Силы северному владыке было явно не занимать. Этот сундучок сам по себе смотрелся весьма увесистой игрушкой, а с валунами внутри так и вовсе казался мне неподъемным — удивительно даже, как от такого груза окончательно не разорвалась испещренная прорехами ткань. Однако, оглядывая плечистую фигуру Ласа, можно было с уверенностью сказать, что столь дородный муж без труда коровью тушу на шею взвалит и не всхлипнет, чего там какой-то стальной ящик.

На тут же последовавшие предложения помощи со стороны гвардии, владыка уверенно-спокойным тоном отказал.

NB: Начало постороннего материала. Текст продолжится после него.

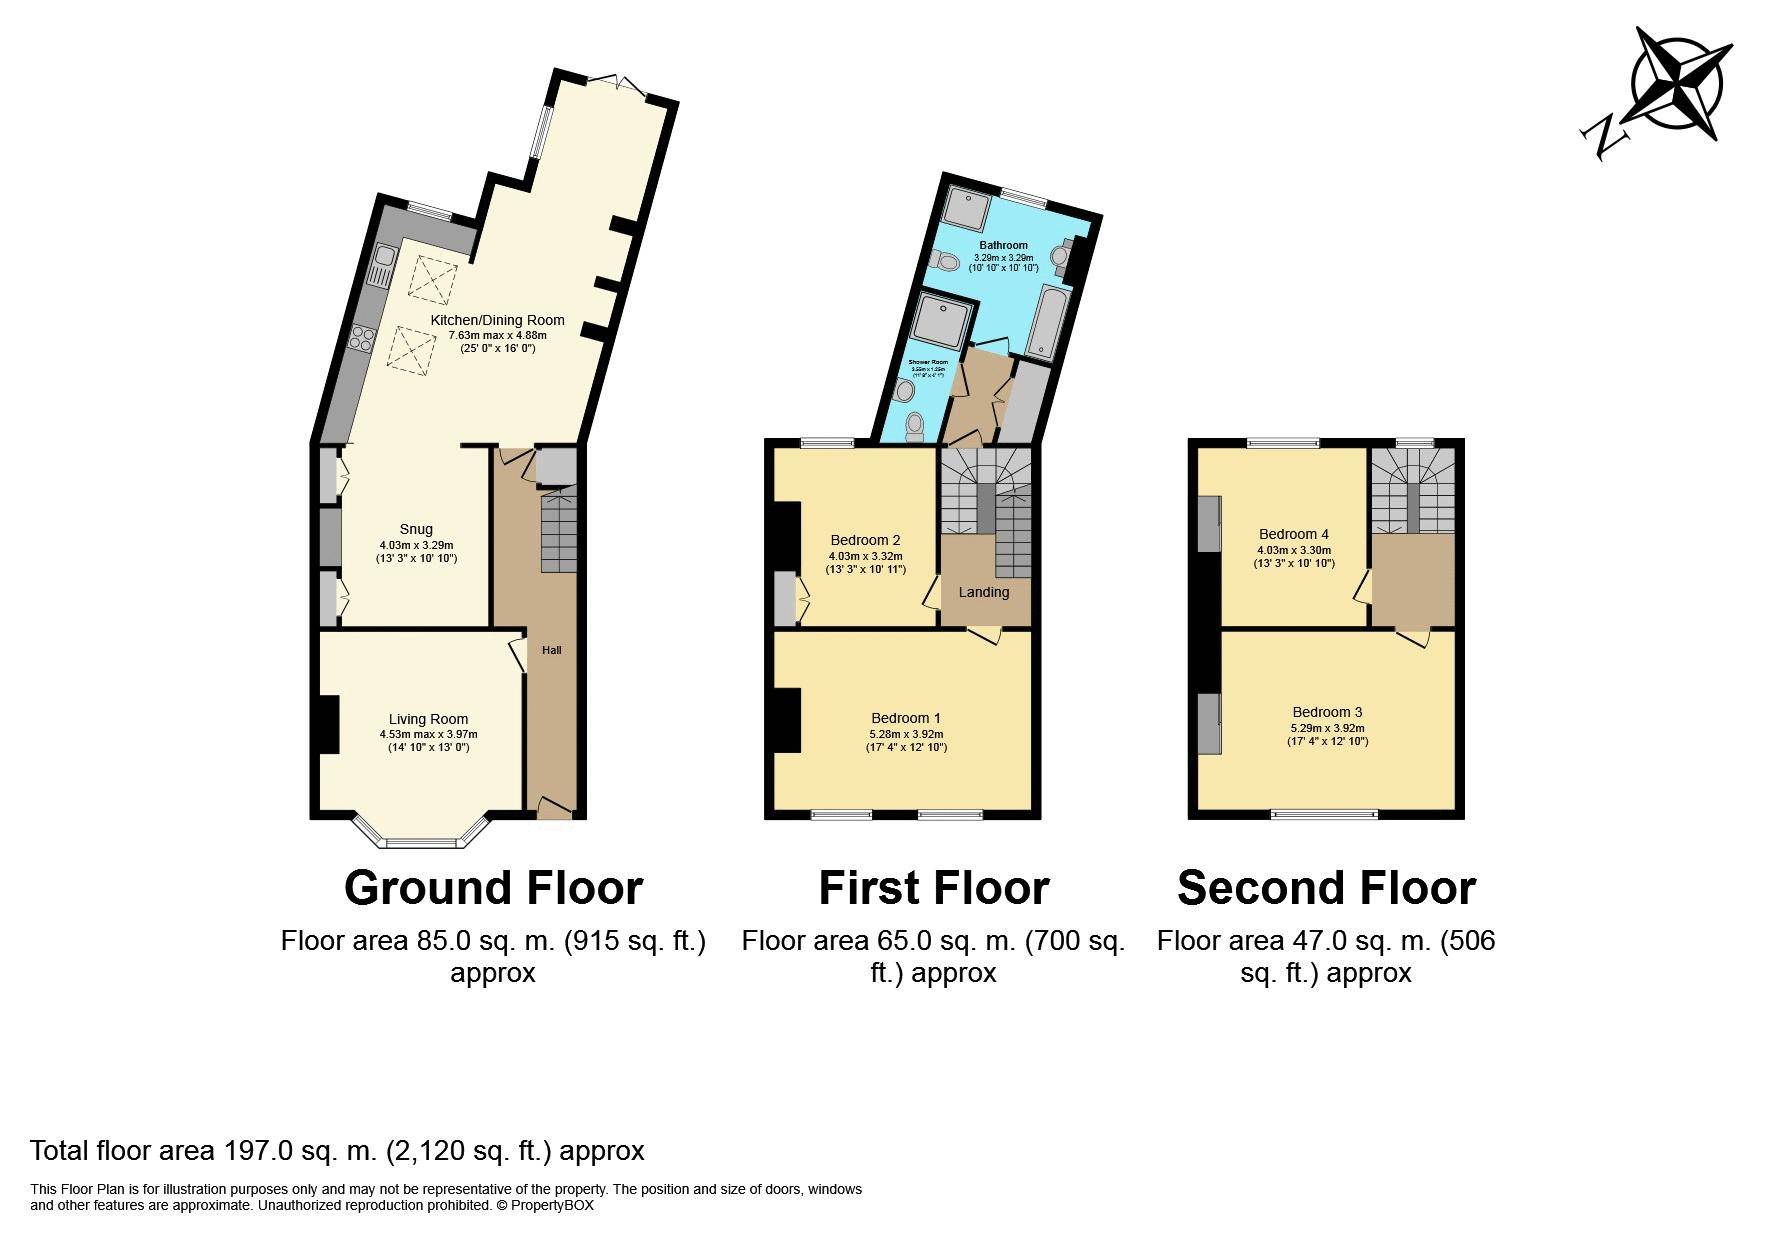 99 Old Tiverton Rd Floorplan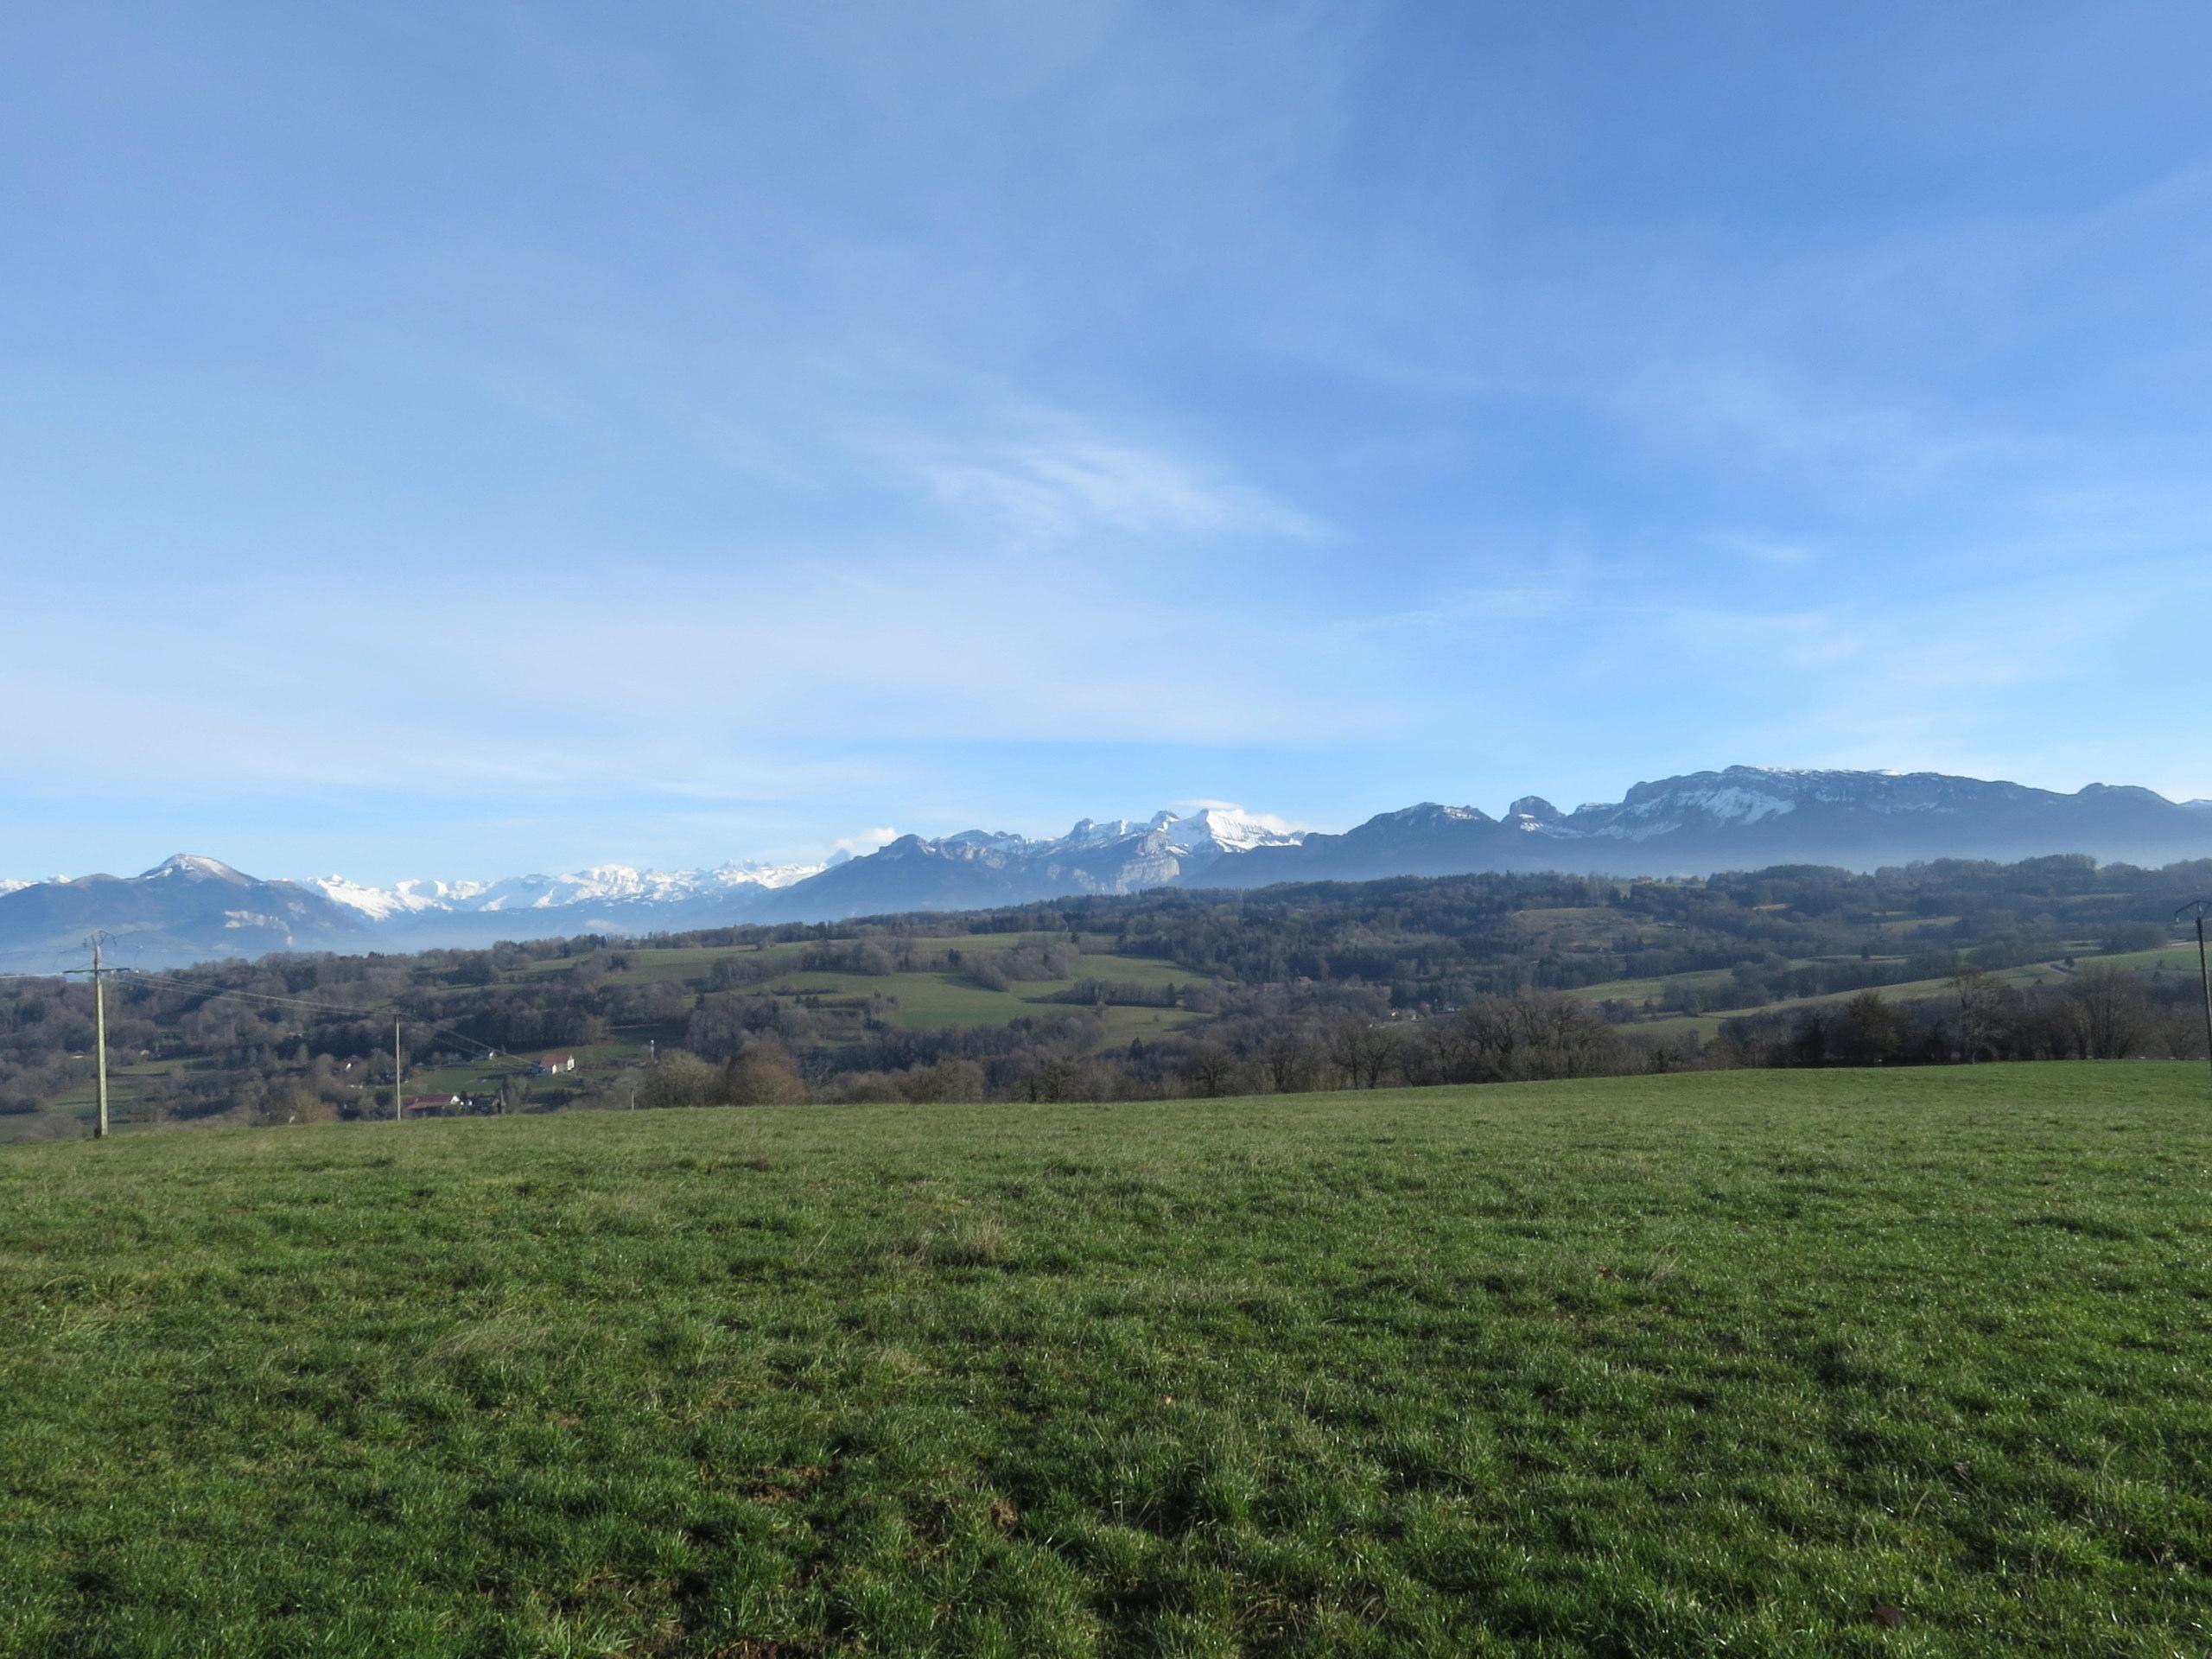 Balades canines: Pays de Gex/Jura/Genève ou Albertville (73) - Page 8 Img_3869

Щетинистый воин, слегка пихнув меня под лопатку и скомандовав идти, нога в ногу с товарищем повел мое, с трудом ворочавшее ногами от нагрянувшей хвори, тело наружу.

* * *

Дабы миновать раздольные герцогские владения, потребовалось немало времени. Вдобавок, сам Дориан Лас ступал неспешно, как-то по-отечески оглядывая роскошный простор. Иногда он останавливался, касался воды в фонтанах, нюхал яркие цветочные бутоны, прислушивался к доносившемуся невесть откуда глухому кукареканью и хрюканью, отряхивал от жухлой листвы выстриженные из кустов скульптуры. Несмотря на то, что на спине его висел весьма увесистый мешок, герцог, видно, отнюдь не смущался грузу и спешил его сбрасывать. Создавалось впечатление, будто Ласу было совсем не в тягость минуту-другую потаскать тяжеловесную груду камней и железа. Впрочем, и назвать владыку севера хилым язык совсем не поворачивался.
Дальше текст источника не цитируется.